Many candidates answered this question well. Many others showed no knowledge of this part of the option; candidates that recognized the Fundamental Theorem of Calculus answered this question well. In general the scores were either very low or full marks.

c.

Question

a.Find the value of \(\int\limits_4^\infty  {\frac{1}{{{x^3}}}{\text{d}}x} \).[3]

b.Illustrate graphically the inequality \(\sum\limits_{n = 5}^\infty  {\frac{1}{{{n^3}}}}  < \int\limits_4^\infty  {\frac{1}{{{x^3}}}{\text{d}}x}  < \sum\limits_{n = 4}^\infty  {\frac{1}{{{n^3}}}} \).[4]

c.Hence write down a lower bound for \(\sum\limits_{n = 4}^\infty  {\frac{1}{{{n^3}}}} \).[1]

d.Find an upper bound for \(\sum\limits_{n = 4}^\infty  {\frac{1}{{{n^3}}}} \).[3]

▶️Answer/Explanation

Markscheme

\(\int\limits_4^\infty  {\frac{1}{{{x^3}}}{\text{d}}x}  = \mathop {{\text{lim}}}\limits_{R \to \infty } \int\limits_4^R {\frac{1}{{{x^3}}}{\text{d}}x} \)      (A1)

Note: The above A1 for using a limit can be awarded at any stage.
Condone the use of \(\mathop {{\text{lim}}}\limits_{x \to \infty } \).

Do not award this mark to candidates who use \(\infty \) as the upper limit throughout.

= \(\mathop {{\text{lim}}}\limits_{R \to \infty } \left[ { – \frac{1}{2}{x^{ – 2}}} \right]_4^R\left( { = \left[ { – \frac{1}{2}{x^{ – 2}}} \right]_4^\infty } \right)\)     M1

\( = \mathop {{\text{lim}}}\limits_{R \to \infty } \left( { – \frac{1}{2}\left( {{R^{ – 2}} – {4^{ – 2}}} \right)} \right)\)

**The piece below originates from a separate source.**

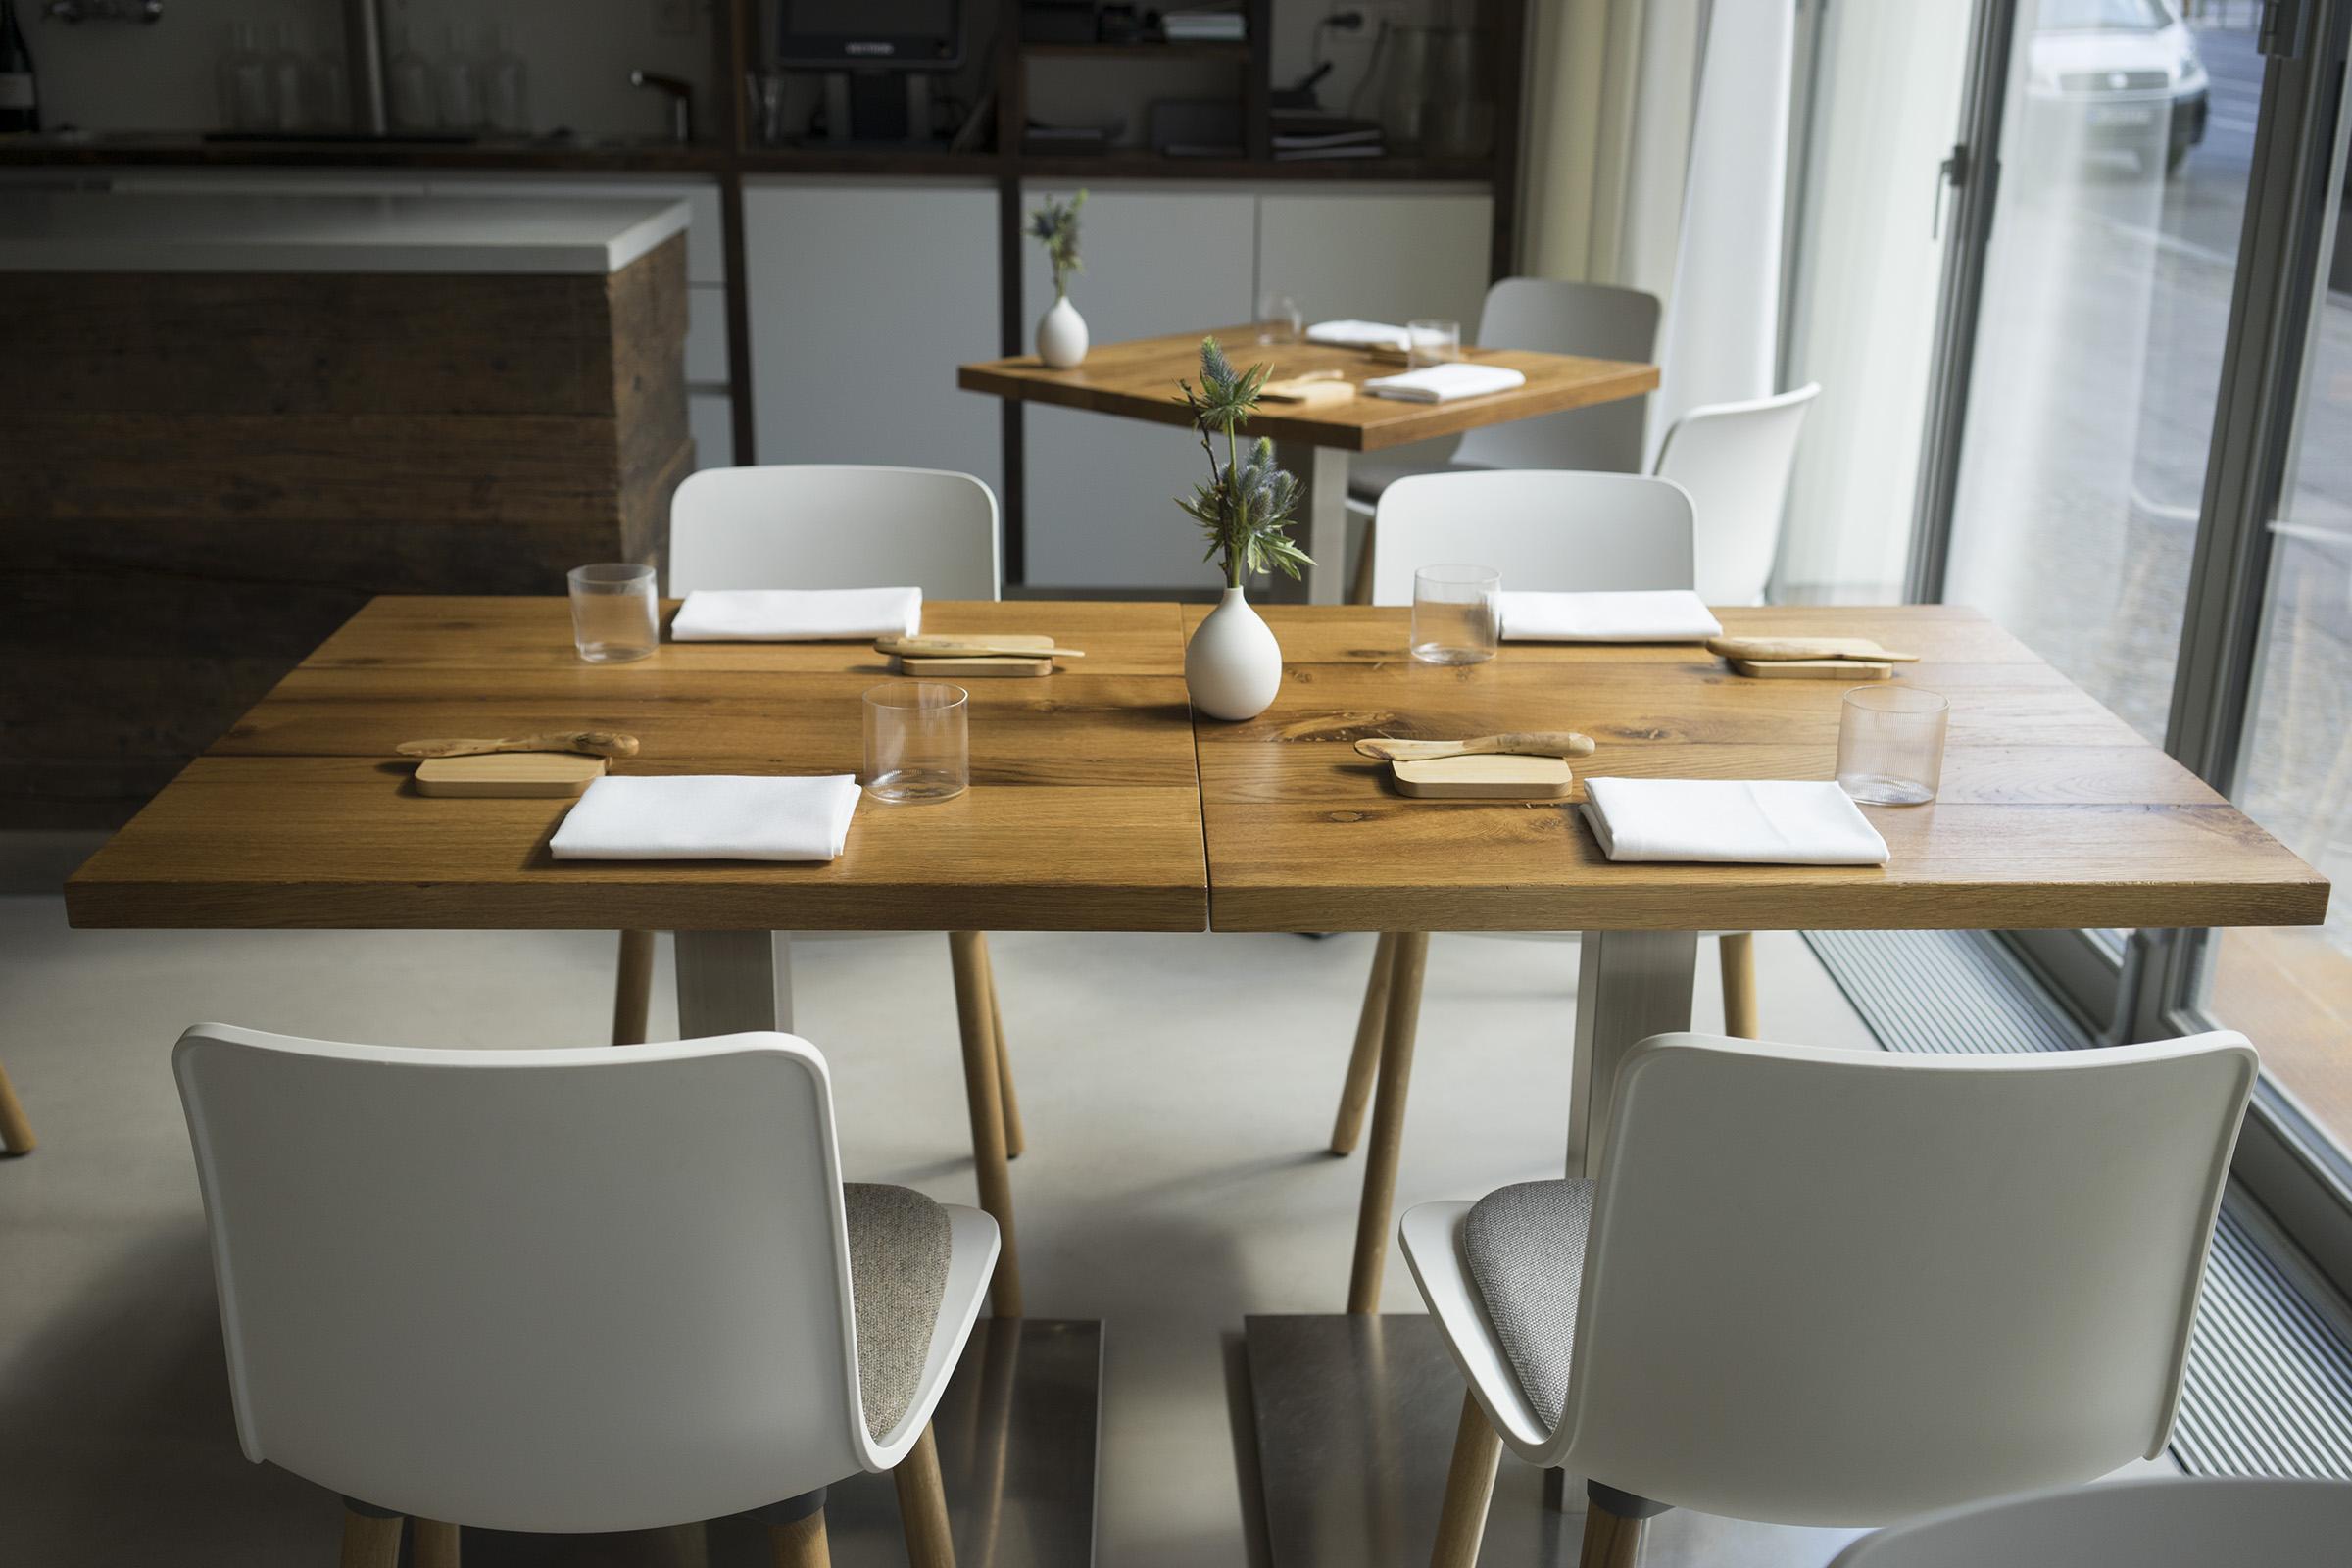 einsunternull kitchen

\( = \frac{1}{{32}}\)     A1

[3 marks]

a.

     A1A1A1A1

A1 for the curve
A1 for rectangles starting at \(x = 4\)
A1 for at least three upper rectangles
A1 for at least three lower rectangles

Note: Award A0A1 for two upper rectangles and two lower rectangles.

sum of areas of the lower rectangles < the area under the curve < the sum of the areas of the upper rectangles so

\(\sum\limits_{n = 5}^\infty  {\frac{1}{{{n^3}}}}  < \int\limits_4^\infty  {\frac{1}{{{x^3}}}{\text{d}}x}  < \sum\limits_{n = 4}^\infty  {\frac{1}{{{n^3}}}} \)      AG

[4 marks]

b.

a lower bound is \(\frac{1}{{32}}\)     A1

Note: Allow FT from part (a).

[1 mark]

c.

METHOD 1

\(\sum\limits_{n = 5}^\infty  {\frac{1}{{{n^3}}}}  < \frac{1}{{32}}\)    (M1)

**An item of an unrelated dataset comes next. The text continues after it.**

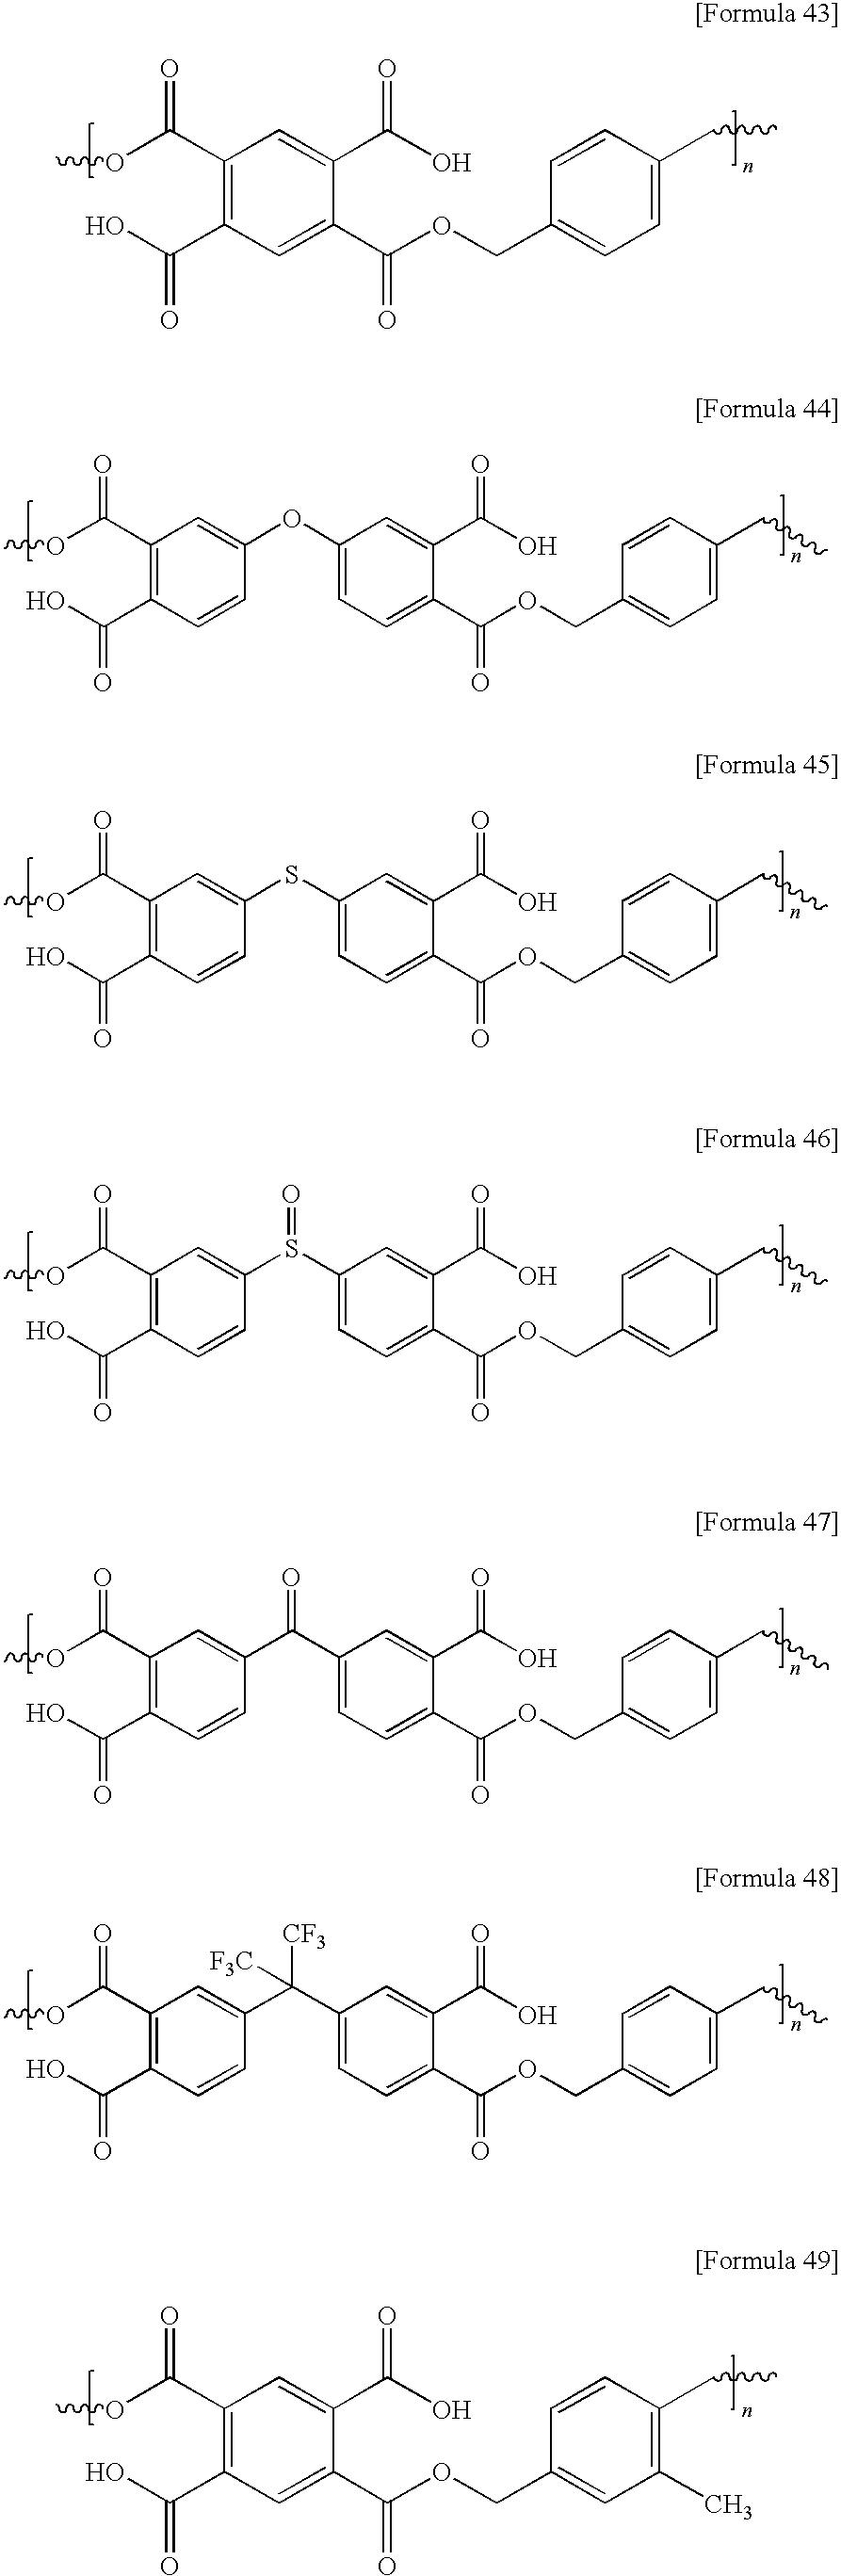 Figure US20100055408A1-20100304-C00020

\(\frac{1}{{64}} + \sum\limits_{n = 5}^\infty  {\frac{1}{{{n^3}}}}  = \frac{1}{{32}} + \frac{1}{{64}}\)     (M1)

\(\sum\limits_{n = 4}^\infty  {\frac{1}{{{n^3}}}}  < \frac{3}{{64}}\), an upper bound      A1

Note: Allow FT from part (a).

METHOD 2

changing the lower limit in the inequality in part (b) gives

\(\sum\limits_{n = 4}^\infty  {\frac{1}{{{n^3}}}}  < \int\limits_3^\infty  {\frac{1}{{{x^3}}}{\text{d}}x} \left( { < \sum\limits_{n = 3}^\infty  {\frac{1}{{{n^3}}}} } \right)\)     (A1)

\(\sum\limits_{n = 4}^\infty  {\frac{1}{{{n^3}}}}  < \mathop {{\text{lim}}}\limits_{R \to \infty } \left[ { – \frac{1}{2}{x^{ – 2}}} \right]_3^R\)     (M1)

\(\sum\limits_{n = 4}^\infty  {\frac{1}{{{n^3}}}}  < \frac{1}{{18}}\), an upper bound     A1

Note: Condone candidates who do not use a limit.

[3 marks]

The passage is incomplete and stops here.